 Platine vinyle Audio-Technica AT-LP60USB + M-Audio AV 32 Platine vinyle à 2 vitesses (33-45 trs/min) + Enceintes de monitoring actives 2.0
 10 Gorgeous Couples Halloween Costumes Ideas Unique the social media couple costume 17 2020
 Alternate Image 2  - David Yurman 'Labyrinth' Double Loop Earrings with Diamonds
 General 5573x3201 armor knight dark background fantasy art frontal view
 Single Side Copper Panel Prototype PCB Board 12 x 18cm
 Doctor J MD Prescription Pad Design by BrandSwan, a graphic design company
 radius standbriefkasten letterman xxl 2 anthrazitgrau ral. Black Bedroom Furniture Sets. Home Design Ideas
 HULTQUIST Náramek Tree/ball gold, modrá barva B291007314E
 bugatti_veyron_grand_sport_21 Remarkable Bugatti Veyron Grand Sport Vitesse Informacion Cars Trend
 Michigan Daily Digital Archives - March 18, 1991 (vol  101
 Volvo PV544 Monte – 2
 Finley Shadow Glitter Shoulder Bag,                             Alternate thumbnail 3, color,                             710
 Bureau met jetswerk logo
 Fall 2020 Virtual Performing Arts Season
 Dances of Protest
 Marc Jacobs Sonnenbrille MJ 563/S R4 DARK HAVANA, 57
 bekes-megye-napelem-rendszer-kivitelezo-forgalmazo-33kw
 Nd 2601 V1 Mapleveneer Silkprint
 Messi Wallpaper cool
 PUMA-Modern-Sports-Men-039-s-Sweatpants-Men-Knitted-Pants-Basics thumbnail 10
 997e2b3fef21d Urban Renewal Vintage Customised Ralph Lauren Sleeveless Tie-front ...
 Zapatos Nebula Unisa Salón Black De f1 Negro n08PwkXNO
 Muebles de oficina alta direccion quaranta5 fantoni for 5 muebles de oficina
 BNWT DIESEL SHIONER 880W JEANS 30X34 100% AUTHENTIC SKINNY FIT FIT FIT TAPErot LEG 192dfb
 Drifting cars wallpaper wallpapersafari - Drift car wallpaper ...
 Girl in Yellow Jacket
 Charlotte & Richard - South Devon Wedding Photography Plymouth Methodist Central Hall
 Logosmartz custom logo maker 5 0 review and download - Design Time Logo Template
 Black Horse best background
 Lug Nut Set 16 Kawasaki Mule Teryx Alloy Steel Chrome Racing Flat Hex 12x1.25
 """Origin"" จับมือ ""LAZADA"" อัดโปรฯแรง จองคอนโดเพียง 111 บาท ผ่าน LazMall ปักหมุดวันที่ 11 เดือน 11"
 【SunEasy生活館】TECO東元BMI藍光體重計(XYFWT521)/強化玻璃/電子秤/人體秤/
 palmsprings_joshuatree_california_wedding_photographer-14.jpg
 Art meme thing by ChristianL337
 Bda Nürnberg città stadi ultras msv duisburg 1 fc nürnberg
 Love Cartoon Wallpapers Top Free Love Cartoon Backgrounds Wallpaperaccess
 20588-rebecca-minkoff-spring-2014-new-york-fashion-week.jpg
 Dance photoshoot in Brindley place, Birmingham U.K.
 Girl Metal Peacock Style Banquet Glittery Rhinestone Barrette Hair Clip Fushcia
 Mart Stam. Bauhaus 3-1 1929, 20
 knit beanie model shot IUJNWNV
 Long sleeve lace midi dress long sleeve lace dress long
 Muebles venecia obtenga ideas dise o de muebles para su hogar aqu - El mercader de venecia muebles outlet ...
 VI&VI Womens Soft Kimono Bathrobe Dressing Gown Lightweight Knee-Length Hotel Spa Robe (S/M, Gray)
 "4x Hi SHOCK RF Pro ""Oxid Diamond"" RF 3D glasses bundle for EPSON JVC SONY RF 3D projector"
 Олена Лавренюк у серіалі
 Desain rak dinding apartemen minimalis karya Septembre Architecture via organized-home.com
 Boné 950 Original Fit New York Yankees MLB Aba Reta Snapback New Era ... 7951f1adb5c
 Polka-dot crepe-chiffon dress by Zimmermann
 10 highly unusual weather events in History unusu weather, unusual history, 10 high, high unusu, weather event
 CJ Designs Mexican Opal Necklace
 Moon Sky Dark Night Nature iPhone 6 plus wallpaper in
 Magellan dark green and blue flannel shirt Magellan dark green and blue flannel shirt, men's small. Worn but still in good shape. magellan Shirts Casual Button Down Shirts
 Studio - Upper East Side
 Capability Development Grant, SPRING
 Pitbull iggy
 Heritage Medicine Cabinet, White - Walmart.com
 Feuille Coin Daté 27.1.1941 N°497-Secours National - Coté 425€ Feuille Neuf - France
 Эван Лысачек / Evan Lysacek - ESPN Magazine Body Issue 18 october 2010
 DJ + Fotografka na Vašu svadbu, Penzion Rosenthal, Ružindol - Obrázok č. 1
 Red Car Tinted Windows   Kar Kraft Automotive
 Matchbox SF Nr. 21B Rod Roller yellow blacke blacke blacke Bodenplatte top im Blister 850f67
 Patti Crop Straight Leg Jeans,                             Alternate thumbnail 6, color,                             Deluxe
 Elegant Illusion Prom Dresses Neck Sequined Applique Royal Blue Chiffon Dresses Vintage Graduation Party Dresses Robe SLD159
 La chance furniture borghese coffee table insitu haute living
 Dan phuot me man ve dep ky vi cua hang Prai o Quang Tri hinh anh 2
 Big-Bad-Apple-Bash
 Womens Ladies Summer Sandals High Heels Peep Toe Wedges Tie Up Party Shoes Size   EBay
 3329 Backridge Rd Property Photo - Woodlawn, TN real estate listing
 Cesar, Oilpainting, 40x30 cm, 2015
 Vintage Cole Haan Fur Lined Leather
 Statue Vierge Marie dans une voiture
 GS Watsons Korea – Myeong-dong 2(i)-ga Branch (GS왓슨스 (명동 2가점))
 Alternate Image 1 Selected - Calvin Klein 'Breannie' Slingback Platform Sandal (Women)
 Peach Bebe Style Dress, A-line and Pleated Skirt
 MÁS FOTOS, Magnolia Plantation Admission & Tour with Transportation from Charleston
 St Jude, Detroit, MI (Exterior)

• [Work order] Search the data for "Party". Copy each line that has it.

• [Response for this exercise]
 Elegant Illusion Prom Dresses Neck Sequined Applique Royal Blue Chiffon Dresses Vintage Graduation Party Dresses Robe SLD159
 Womens Ladies Summer Sandals High Heels Peep Toe Wedges Tie Up Party Shoes Size   EBay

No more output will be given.